Building a Responsive Interface with Kiro: My first hackathon project
Source: Dev.to

My first hackathon project and an experiment in interaction design.
It began as a simple Halloween diary but quickly turned into a small digital world that pushed my understanding of UI behaviour and UX constraints. The goal shifted from “a themed diary” to building an interface that responds to the user—the app reacts when you move, when you stop, when you write, when you switch tabs, when you try to leave, and parts of the environment come alive after inactivity.
This post explains the architecture, the trade‑offs, the mistakes, and how Kiro influenced the engineering process.
Behavioural System
The core idea was that the UI should respond to behaviour:
- Tab switching triggers short status messages.
- Cursor inactivity causes certain components to animate or shift.
- Extended inactivity prompts environmental changes.
- Focused sections reduce visual noise.
These features rely on lightweight, event‑driven state machines and tightly controlled side effects. The aim was to maintain predictability even as the behavioural layer became more involved.
Architecture and Stack
- React with TypeScript
- TailwindCSS
- Firebase for authentication and Firestore
- Vite
- Internal state machines for behaviour decisions
- Custom animation hooks
- Utility modules to isolate logic
Most of the work went into preventing the behavioural features from overwhelming the render cycle. The hardest part was deciding which components should respond to user inputs and which should remain static. Too much activity creates noise; too little undermines the concept for the costume contest.
Working With Kiro
Documentation
The project kept its evolving specifications inside the .kiro folder, including the Haunted Diary spec, scrapbook flow diagrams, interaction rules, and trigger definitions. This acted as a reference point as the direction changed rapidly.
Refactoring and Code Quality
Kiro repeatedly refactored components, reorganized structure, removed redundant logic, and improved readability. It prevented the project from drifting into an unmanageable architecture—a common hackathon failure mode.
Testing
Kiro wrote, refined, and expanded test suites, identifying edge cases early and ensuring behavioural triggers did not contradict each other.
Performance
The first version struggled with render timing.
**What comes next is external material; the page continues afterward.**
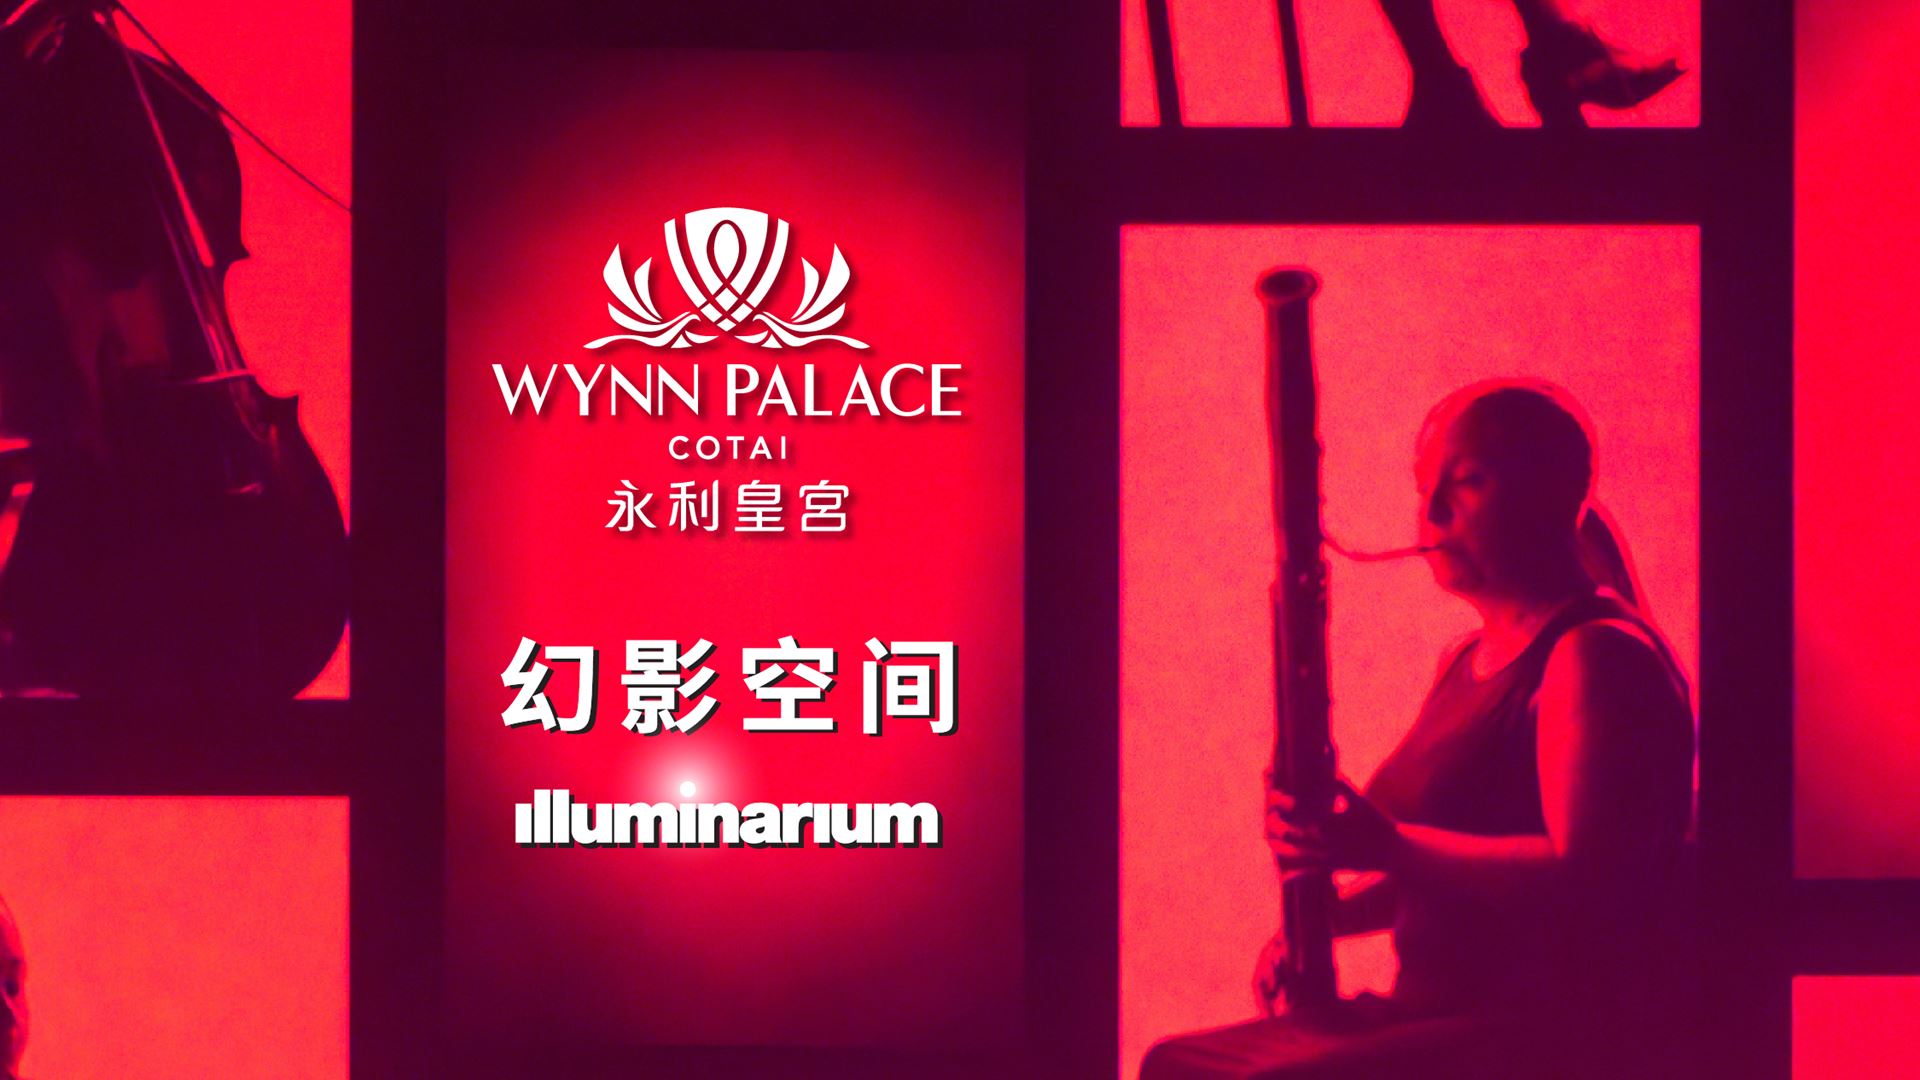 永利皇宫「Illuminarium幻影空间」独家上映以世界经典交响乐打造的《交响绮旅》

Kiro helped identify unnecessary re‑renders, reorganized several components, and improved lazy‑loading strategies to maintain smooth interaction.
Error Handling and Compliance
Kiro added guardrails, mapped error states, and guided compliance for user content, including FIPPA considerations. The result is a safer and more predictable application.
Tooling and Micro‑Interactions
Small UX touches emerged from working with Kiro: tooltips, animation timing, message tone, and micro‑responses that make the environment feel cohesive.
Challenges
The project was ambitious for a first hackathon submission:
- State confusion occurred because multiple versions of certain components existed.
- The sensory‑balance problem required deliberate tuning.
- Behavioural triggers occasionally competed with one another, and improving their priority logic took time.
This project became an exploration of animated UX and demonstrated how Kiro can function as a structured engineering partner—it contributed to documentation, refactoring, testing, performance tuning, and architectural decisions. For a first hackathon submission and working alone, the workflow felt closer to a real engineering process than a rushed weekend build.